一旁的程素心早已看得震惊失语。
起初她还替陈皓担忧,可很快发现他根本没有给她插话的机会。
而眼前此人冷静机变、步步为营,绝不像是会贸然涉险之辈,心中便已察觉必有算计。
可万万没想到,局势竟在眨眼间彻底翻转。
厉轻魂从凶狠狰狞到惊恐绝望,脸上的神情变化之剧烈,便是最精湛的变脸艺人也难以模仿,连天下最巧的易容术也无法復刻那一瞬的崩溃。

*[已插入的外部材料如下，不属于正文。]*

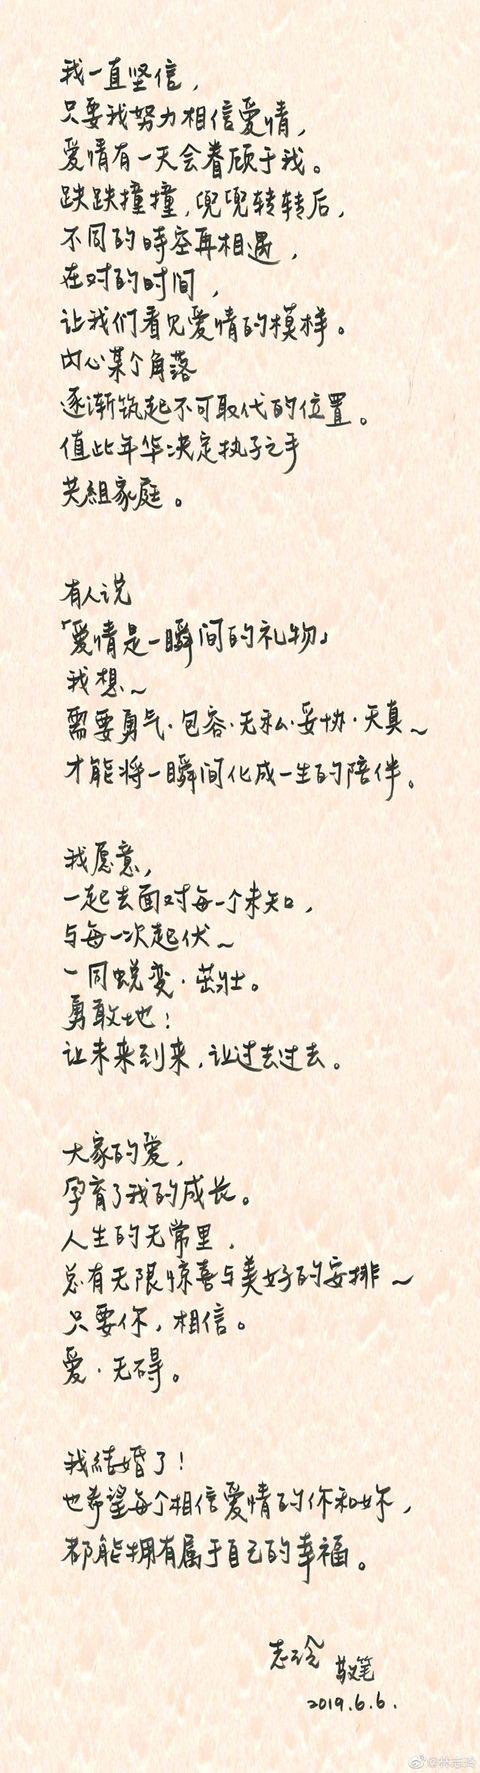 Text, Font, Line, Calligraphy, Art,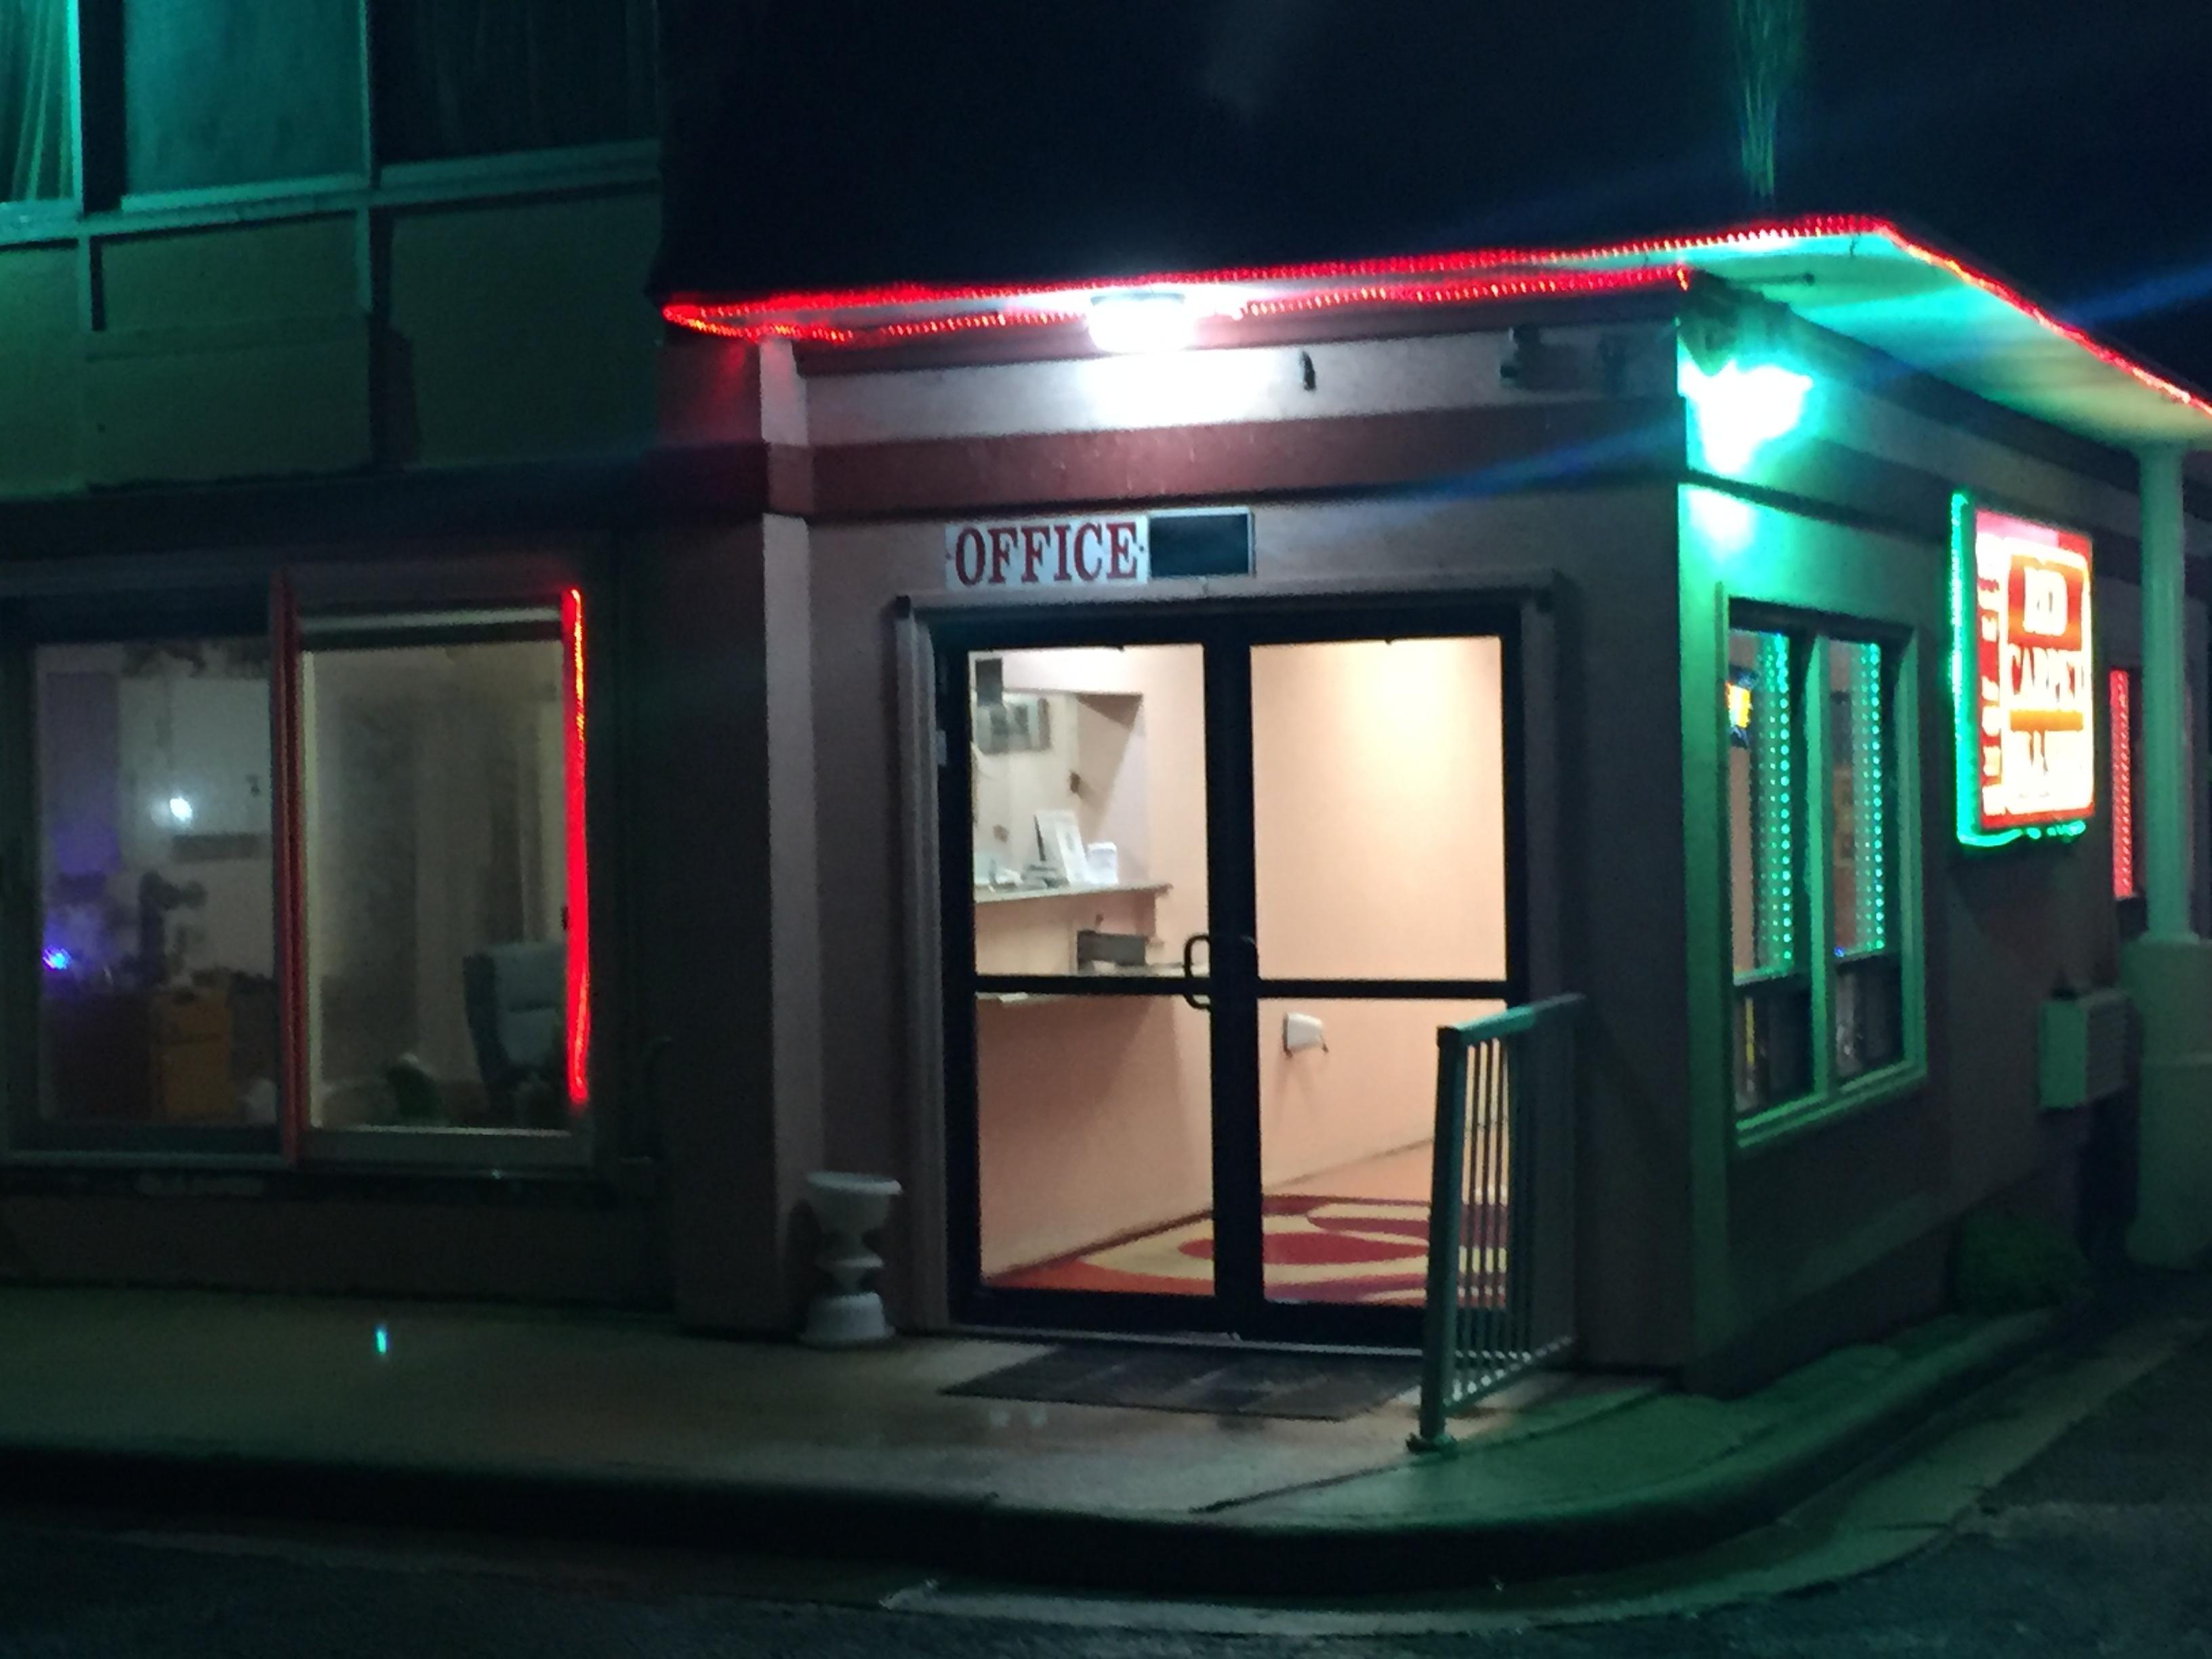 Red Carpet Inn & Suites image 12

待得厉轻魂气息微弱,只剩进气不见出气,整个人萎顿如朽木,陈皓这才缓缓鬆开双手。
厉轻魂瘫倒在地,眼神涣散,望著陈皓,声音颤抖:“你……究竟……用了什么手段……”
陈皓没有看他,只转向程素心,语气淡漠:“杀了他,然后离开。
这场纷爭,不必再掺和了。”
……
厉轻魂一行人虽联手追踪,彼此之间却各怀戒备。
既然他自己亲口承认其余人都已被“缠丝天魔手”引走,陈皓自然无需再去凑这个乱局。
眼下正是脱身的最佳时机。
临行前,他却並未丟下厉轻魂的尸身,而是將其带走。
回头打量了一眼屋內,墙壁上残留著“鬼神惊魂掌”的掌印与气劲痕跡,清晰可见。
陈皓略一点头,显然满意於留下的假象。
他携过程素心,踏瓦越脊而出,並未返回马厩牵马。
马蹄留痕太重,尤其是程素心的“云上焰”,乃异种良驹,极易被人循跡追踪。
一路施展轻身功夫,直至远离城镇范围,陈皓才寻得一处僻静之地,挖坑掩埋了厉轻魂的尸体。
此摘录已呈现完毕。